= Source rock =

Rock which has generated hydrocarbons

In petroleum geology, source rock is a sedimentary rock which has generated hydrocarbons or which has the potential to generate hydrocarbons. Source rocks are one of the necessary elements of a working petroleum system. They are organic-rich sediments that may have been deposited in a variety of environments including deep water marine, lacustrine and deltaic. Oil shale can be regarded as an organic-rich but immature source rock from which little or no oil has been generated and expelled. Subsurface source rock mapping methodologies make it possible to identify likely zones of petroleum occurrence in sedimentary basins as well as shale gas plays.

== Types of source rocks ==
Source rocks are classified from the types of kerogen that they contain, which in turn governs the type of hydrocarbons that will be generated:
- Type I source rocks are formed from algal remains deposited under anoxic conditions in deep lakes: they tend to generate waxy crude oils when submitted to thermal stress during deep burial.
- Type II source rocks are formed from marine planktonic and bacterial remains preserved under anoxic conditions in marine environments: they produce both oil and gas when thermally cracked during deep burial.
- Type III source rocks are formed from terrestrial plant material that has been decomposed by bacteria and fungi under oxic or sub-oxic conditions: they tend to generate mostly gas with associated light oils when thermally cracked during deep burial. Most coals and coaly shales are generally Type III source rocks.

== Maturation and expulsion ==
With increasing depth of burial by sediments or dead organic matter and increase in temperature, the kerogen within the rock begins to break down. This thermal degradation or cracking releases shorter chain hydrocarbons from the original large and complex molecules occurring in the kerogen.

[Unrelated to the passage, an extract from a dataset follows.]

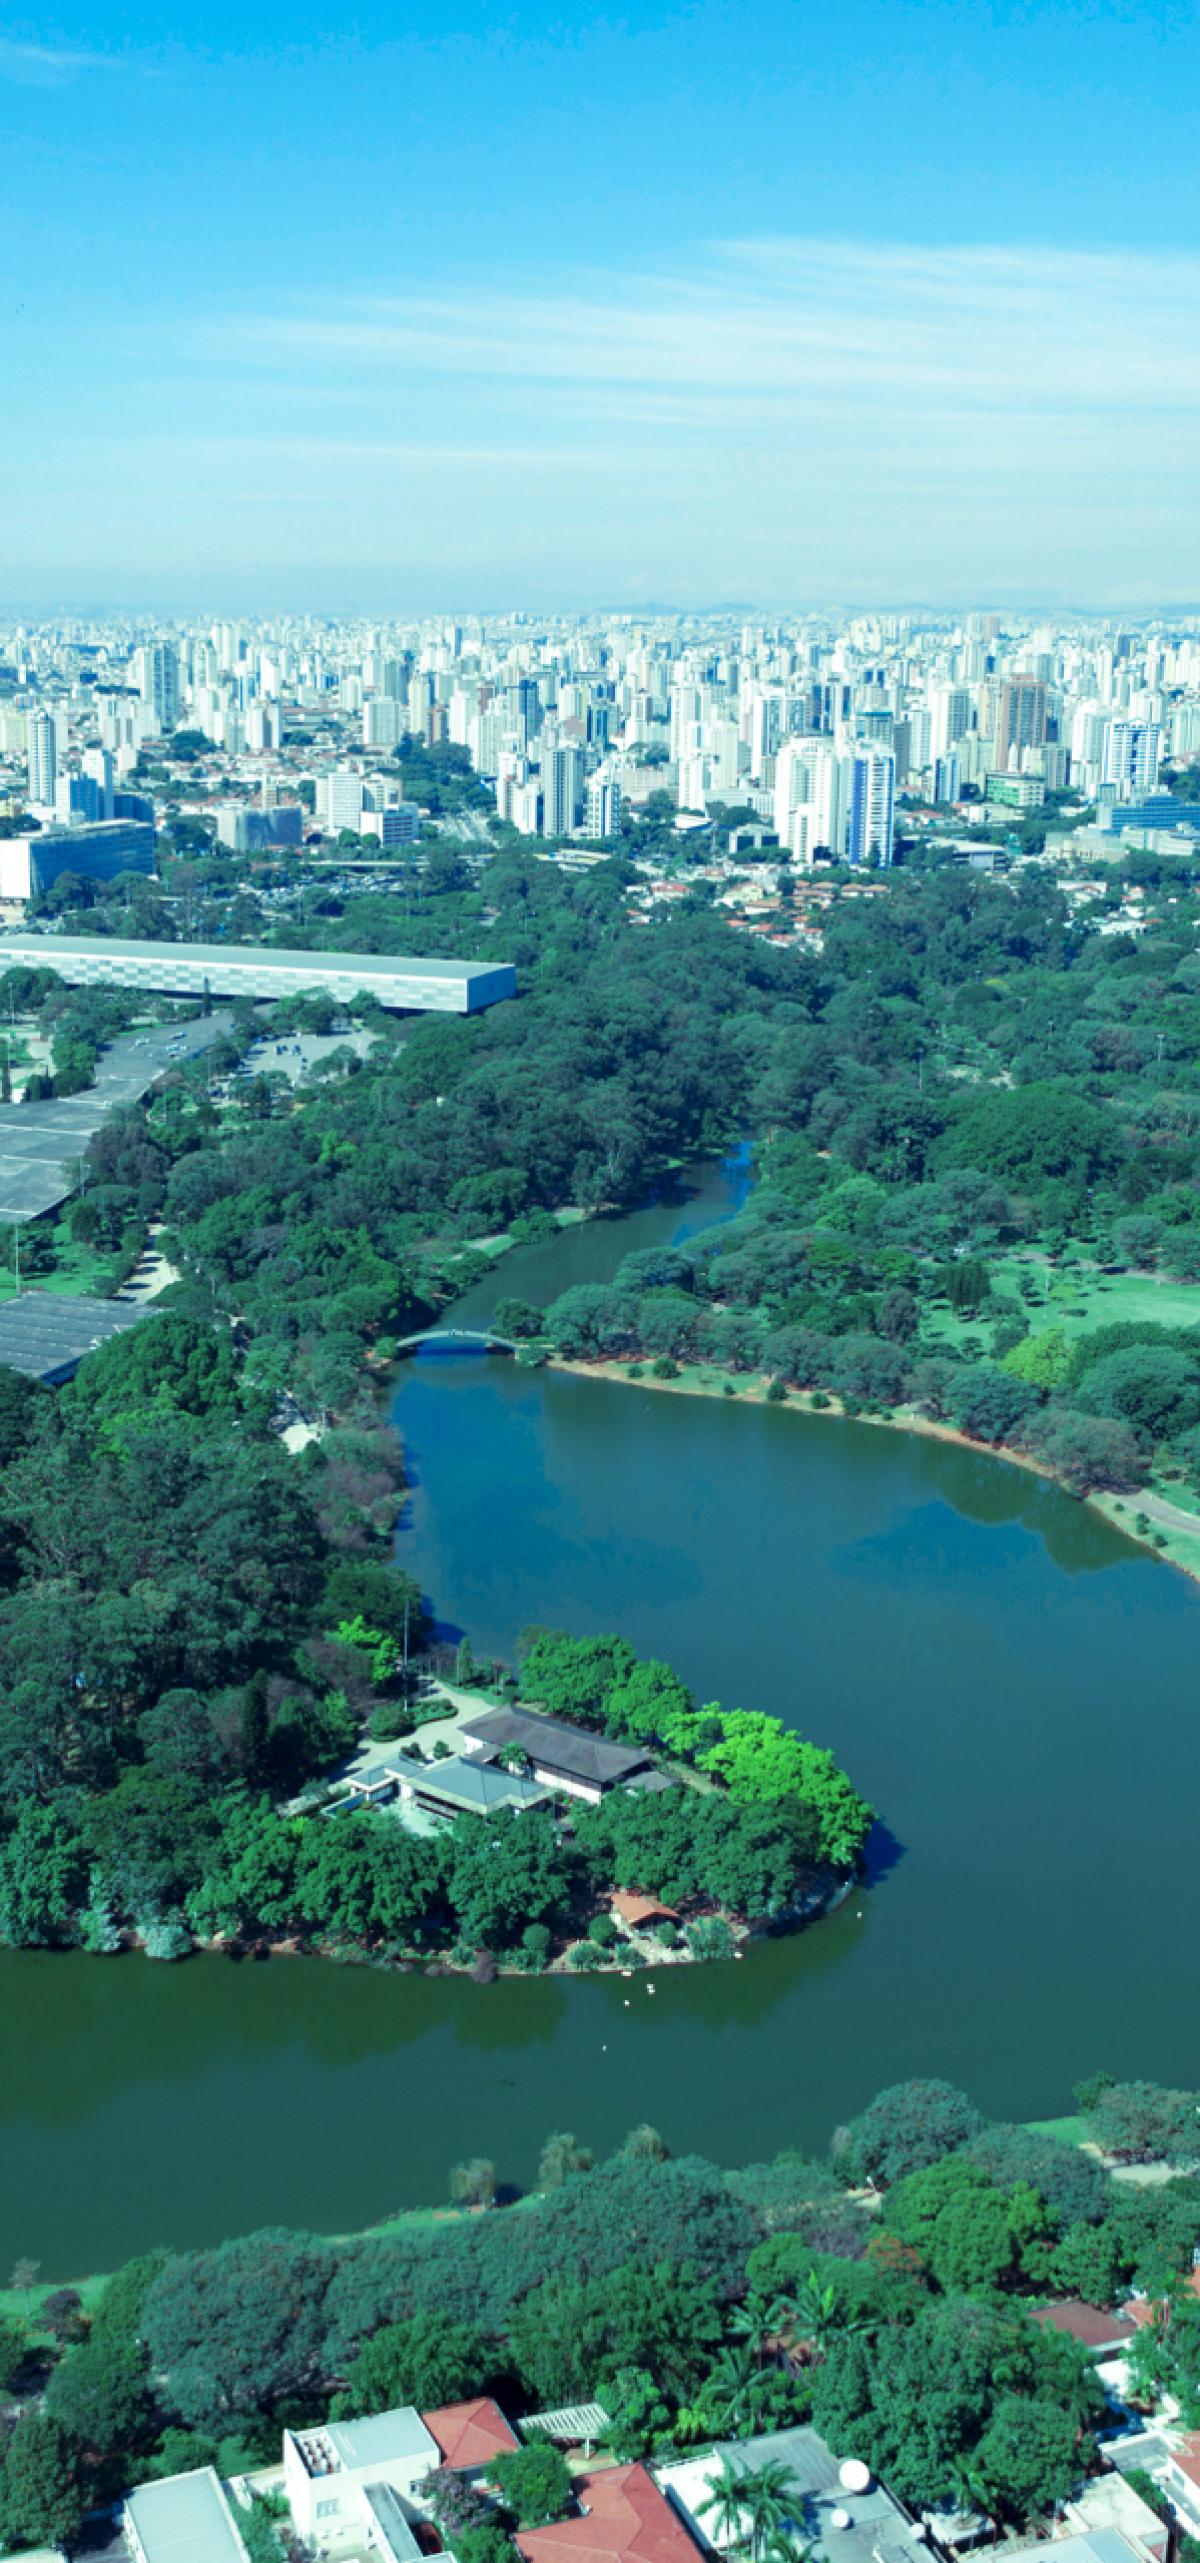 viastore in São Paulo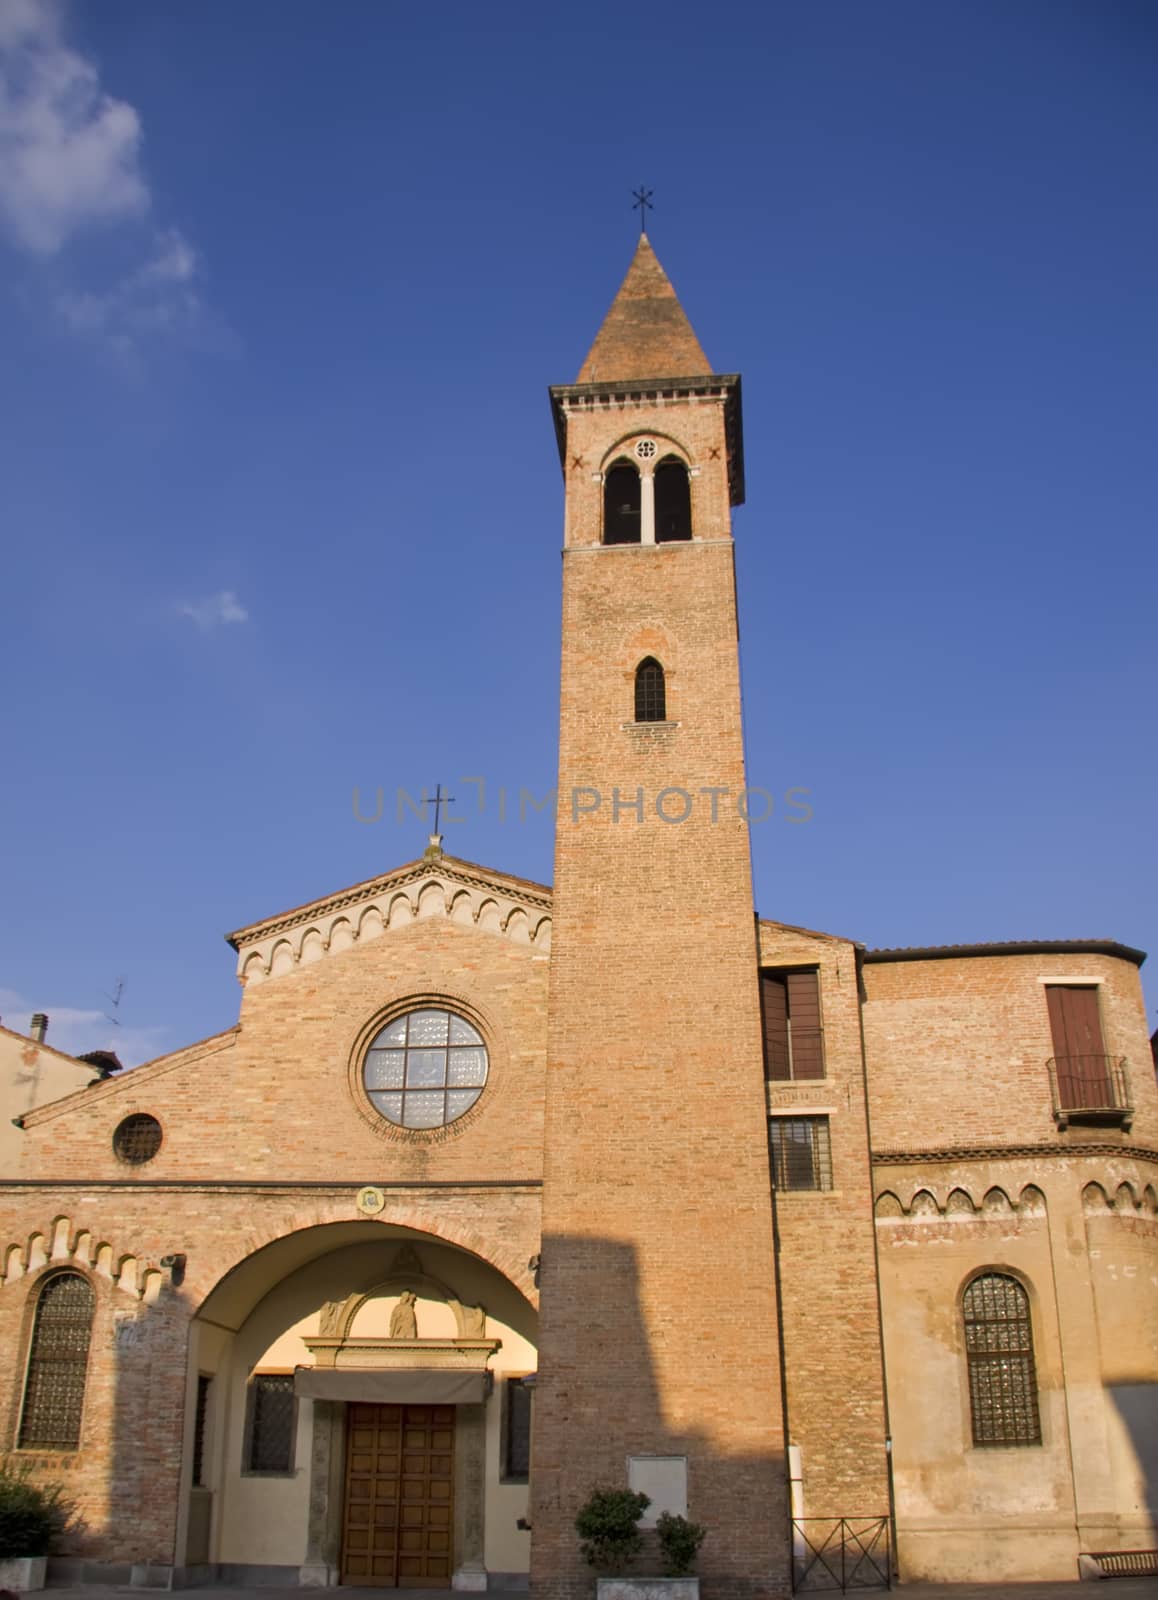 Church tower in Padua, Italy

The hydrocarbons generated from thermally mature source rock are first expelled, along with other pore fluids, due to the effects of internal source rock over-pressuring caused by hydrocarbon generation as well as by compaction. Once released into porous and permeable carrier beds or into faults planes, oil and gas then move upwards towards the surface in an overall buoyancy-driven process known as secondary migration.

== Mapping source rocks in sedimentary basins ==
Areas underlain by thermally mature generative source rocks in a sedimentary basin are called generative basins or depressions or else hydrocarbon kitchens. Mapping those regional oil and gas generative "hydrocarbon kitchens" is feasible by integrating the existing source rock data into seismic depth maps that structurally follow the source horizon(s). It has been statistically observed at a world scale that zones of high success ratios in finding oil and gas generally correlate in most basin types (such as intracratonic or rift basins) with the mapped "generative depressions". Cases of long distance oil migration into shallow traps away from the "generative depressions" are usually found in foreland basins.

Besides pointing to zones of high petroleum potential within a sedimentary basin, subsurface mapping of a source rock's degree of thermal maturity is also the basic tool to identify and broadly delineate shale gas plays.

== World class source rocks ==
Certain source rocks are referred to as "world class", meaning that they are not only of very high quality but are also thick and of wide geographical distribution. Examples include:
- Middle Devonian to lower Mississippian widespread marine anoxic oil and gas source beds in the Mid-Continent and Appalachia areas of North America: (e.g. the Bakken Formation of the Williston Basin, the Antrim Shale of the Michigan Basin, the Marcellus Shale of the Appalachian Basin).
- Kimmeridge Clay – This upper Jurassic marine mudstone or its stratigraphic equivalents generated most of the oil found in the North Sea and the Norwegian Sea.
- La Luna Formation – This Late Cretaceous (mostly Turonian) formation generated most of the oil in northwestern Venezuela.
- Late Carboniferous coals – Coals of this age generated most of the gas in the southern North Sea, the Netherlands Basin and the northwest German Basin.
- Hanifa Formation – This upper Jurassic laminated carbonate-rich unit has sourced the oil in the giant Ghawar field in Saudi Arabia.